GIVEN MATERIAL section start

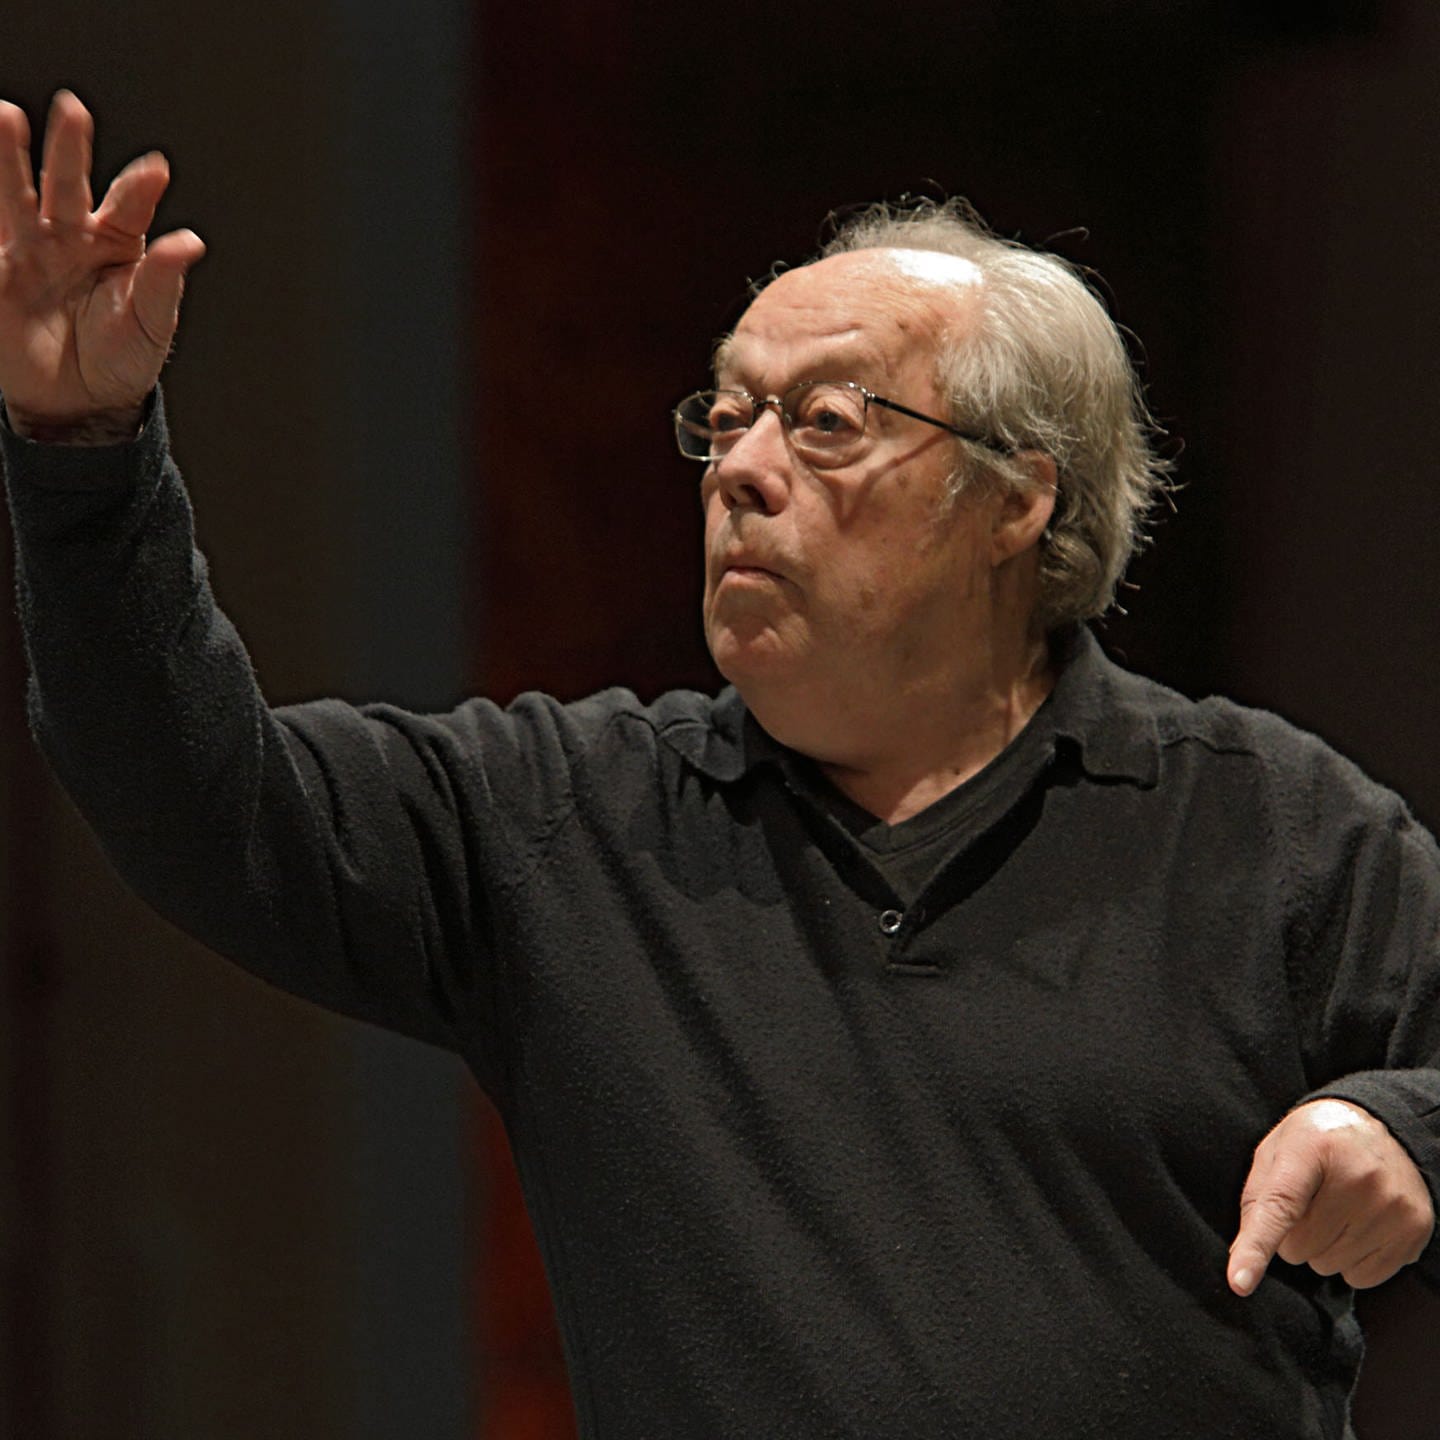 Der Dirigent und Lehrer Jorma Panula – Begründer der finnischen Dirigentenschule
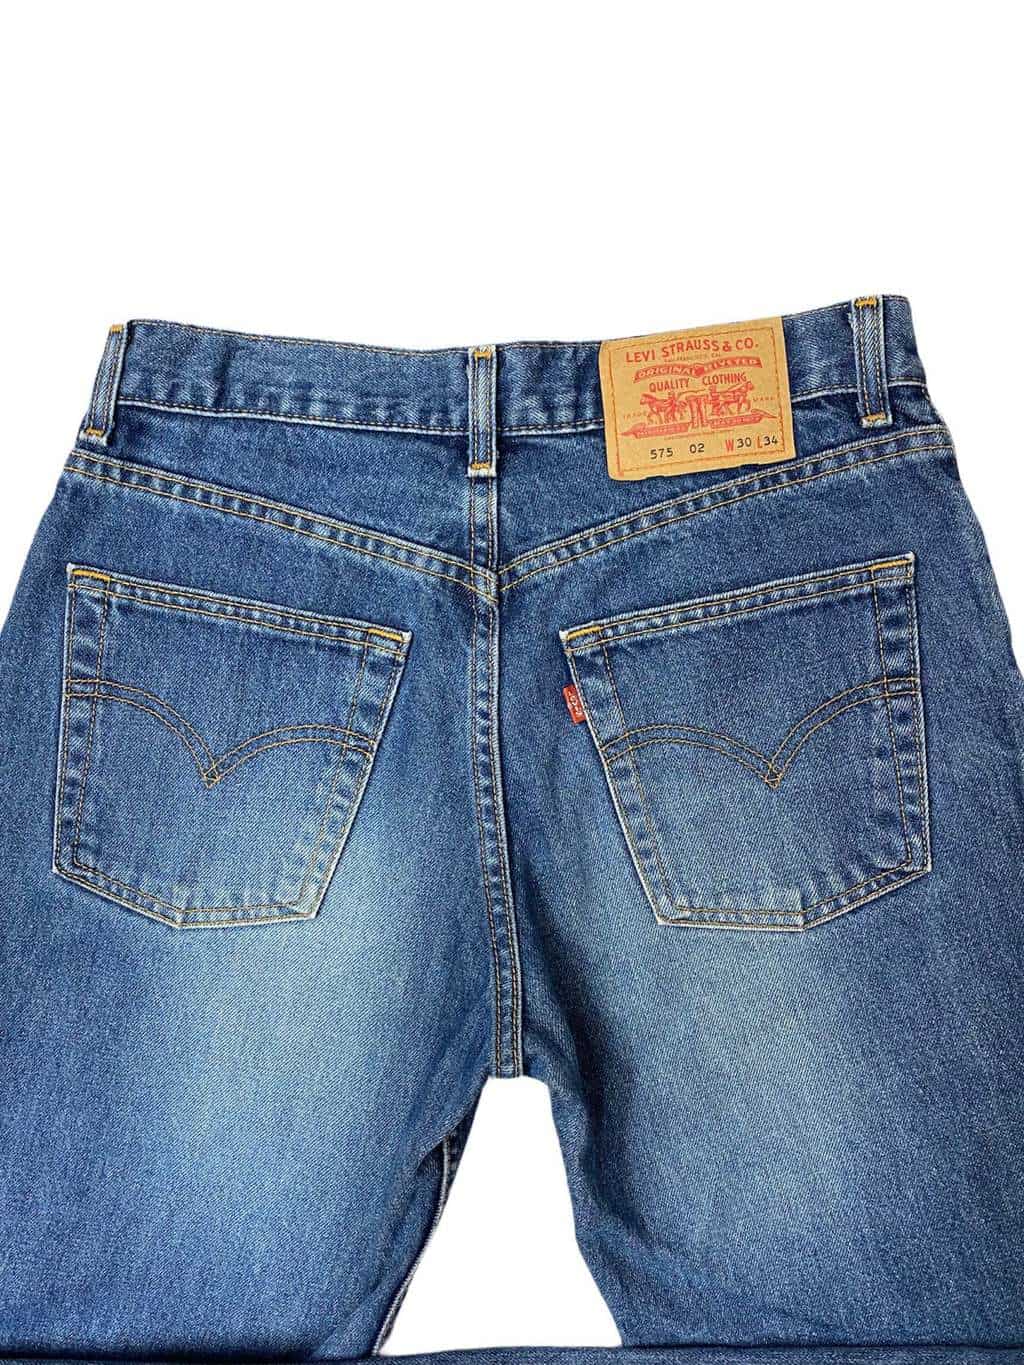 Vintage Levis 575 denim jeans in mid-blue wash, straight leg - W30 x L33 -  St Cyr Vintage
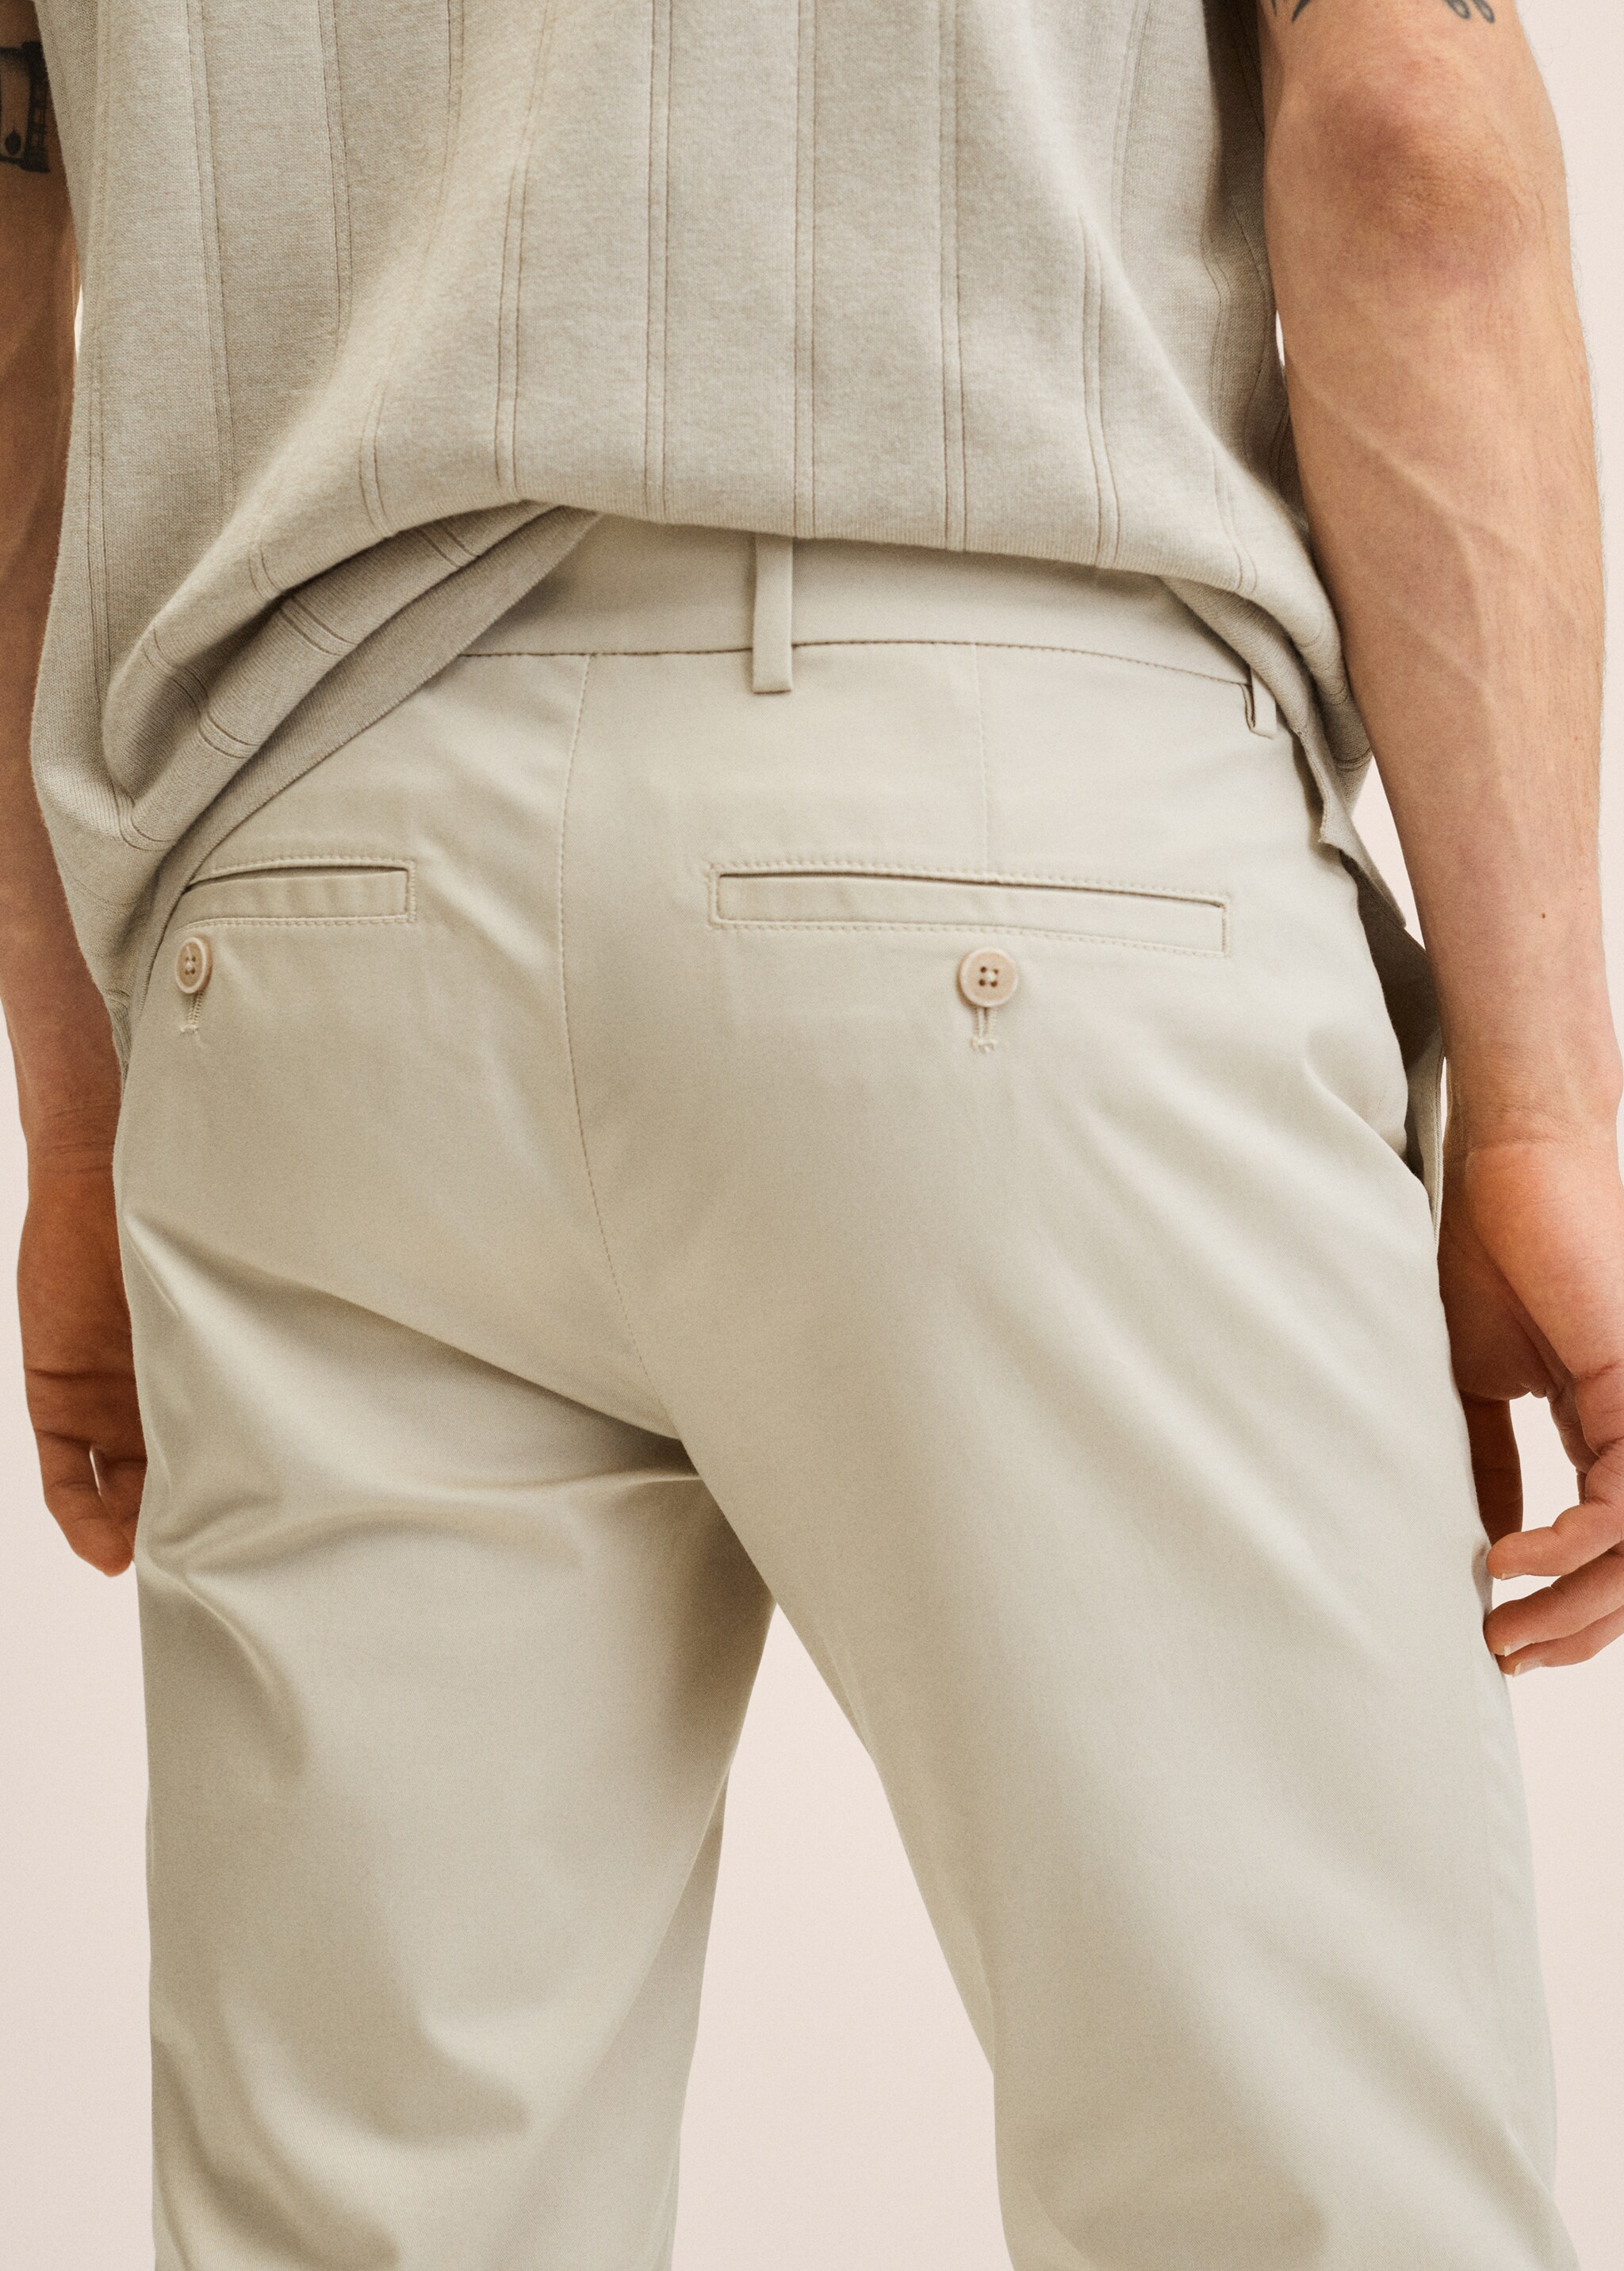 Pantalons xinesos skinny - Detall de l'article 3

GIVEN MATERIAL section end

• **TASK DIRECTIONS**
Output all the data above verbatim, leaving out images.

• **ANSWER BELOW**
 Der Dirigent und Lehrer Jorma Panula – Begründer der finnischen Dirigentenschule
 Vintage Levis 575 denim jeans in mid-blue wash, straight leg - W30 x L33 -  St Cyr Vintage
 Pantalons xinesos skinny - Detall de l'article 3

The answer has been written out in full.